ELLAR: An Action Recognition Dataset
for Extremely Low-Light Conditions
with Dual Gamma Adaptive Modulation
ELLAR: An Action Recognition Dataset
for Extremely Low-Light Conditions
with Dual Gamma Adaptive Modulation
ACCV 2024
Abstract
In this paper, we address the challenging problem of action recognition in extremely low-light environments. Currently, available datasets built under low-light settings are not truly representative of extremely dark conditions because they have a sufficient signal-to-noise ratio, making them visible with simple low-light image enhancement methods. Due to the lack of datasets captured under extremely low-light conditions, we present a new dataset with more than 12K video samples, named Extremely Low-Light condition Action Recognition (ELLAR). This dataset is constructed to reflect the characteristics of extremely low-light conditions where the visibility of videos is corrupted by overwhelming noise and blurs. ELLAR also covers a diverse range of dark settings within the scope of extremely low-light conditions. Furthermore, we propose a simple yet strong baseline method, leveraging a Mixture of Experts in gamma intensity correction, which enables models to be flexible and adaptive to a range of low illuminance levels. Our approach significantly surpasses state-of-the-art results by 3.39% top-1 accuracy on ELLAR dataset.

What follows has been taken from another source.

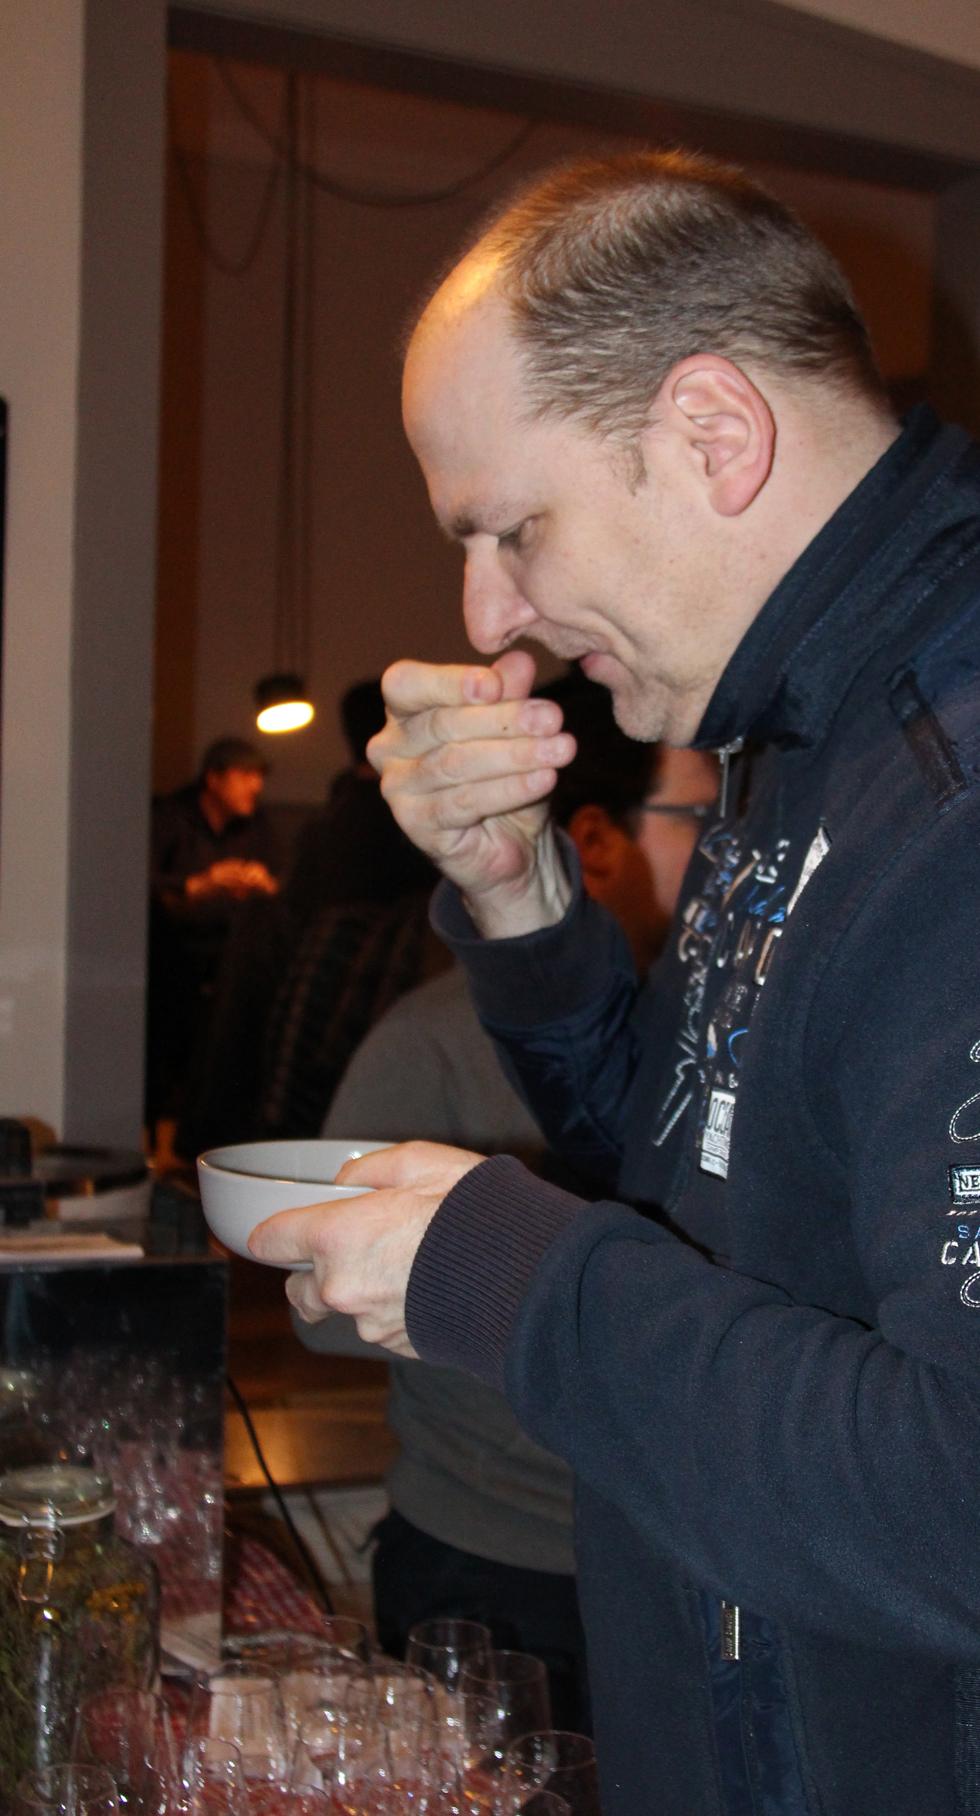 Geschmack entsteht über den Geruchssinn: Die Gäste durften sich selbst überzeugen.
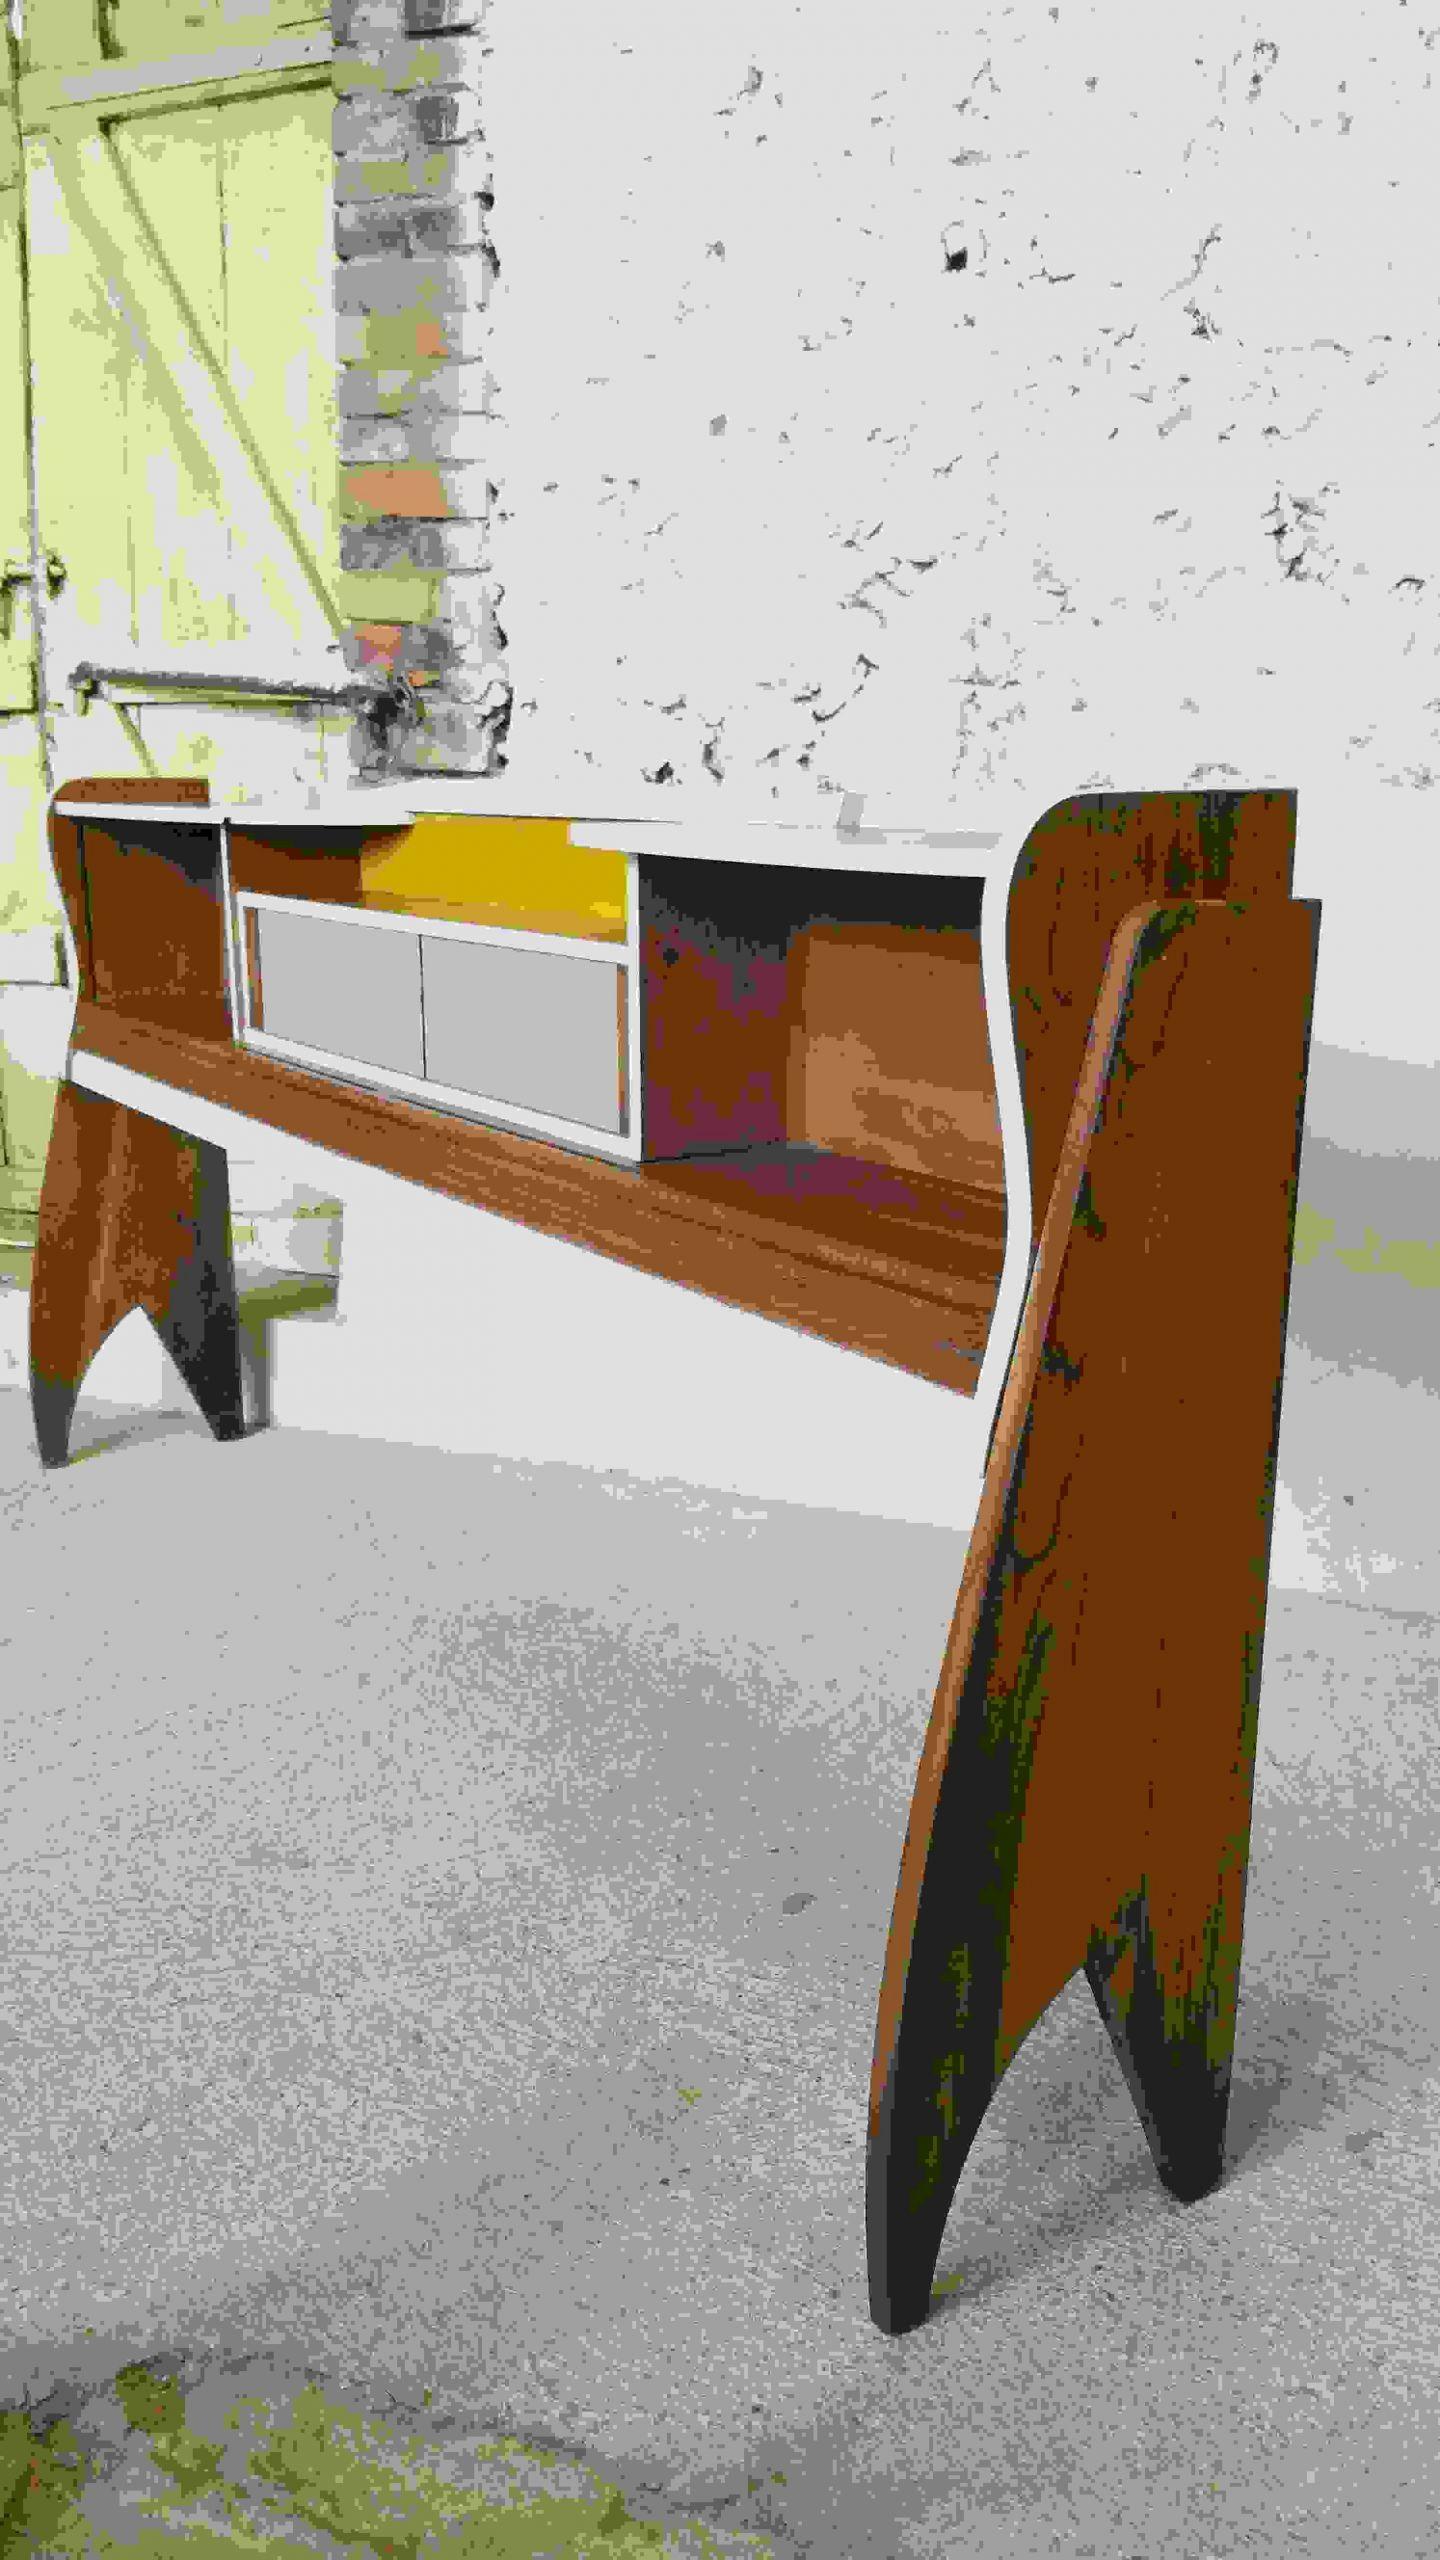 meuble de rangement pour balcon meuble rangement balcon inspirant meuble rangement jardin elegant of meuble de rangement pour balcon 1

The dataset and code will be made publicly available at: https://github.com/knu-vis/ELLAR
Introduction
Pixel distributions and signal-to-noise ratio among various low-light datasets: the line graph depicts pixel intensity distributions, with the x-axis representing pixel values from 0 to 255, plotted on a logarithmic scale to highlight values near 0. The y-axis represents the frequency of each pixel value, also on a logarithmic scale. The bar graph illustrates the signal-to-noise ratio for the aforementioned datasets, meaning that the higher the value, the more signals are present in an image.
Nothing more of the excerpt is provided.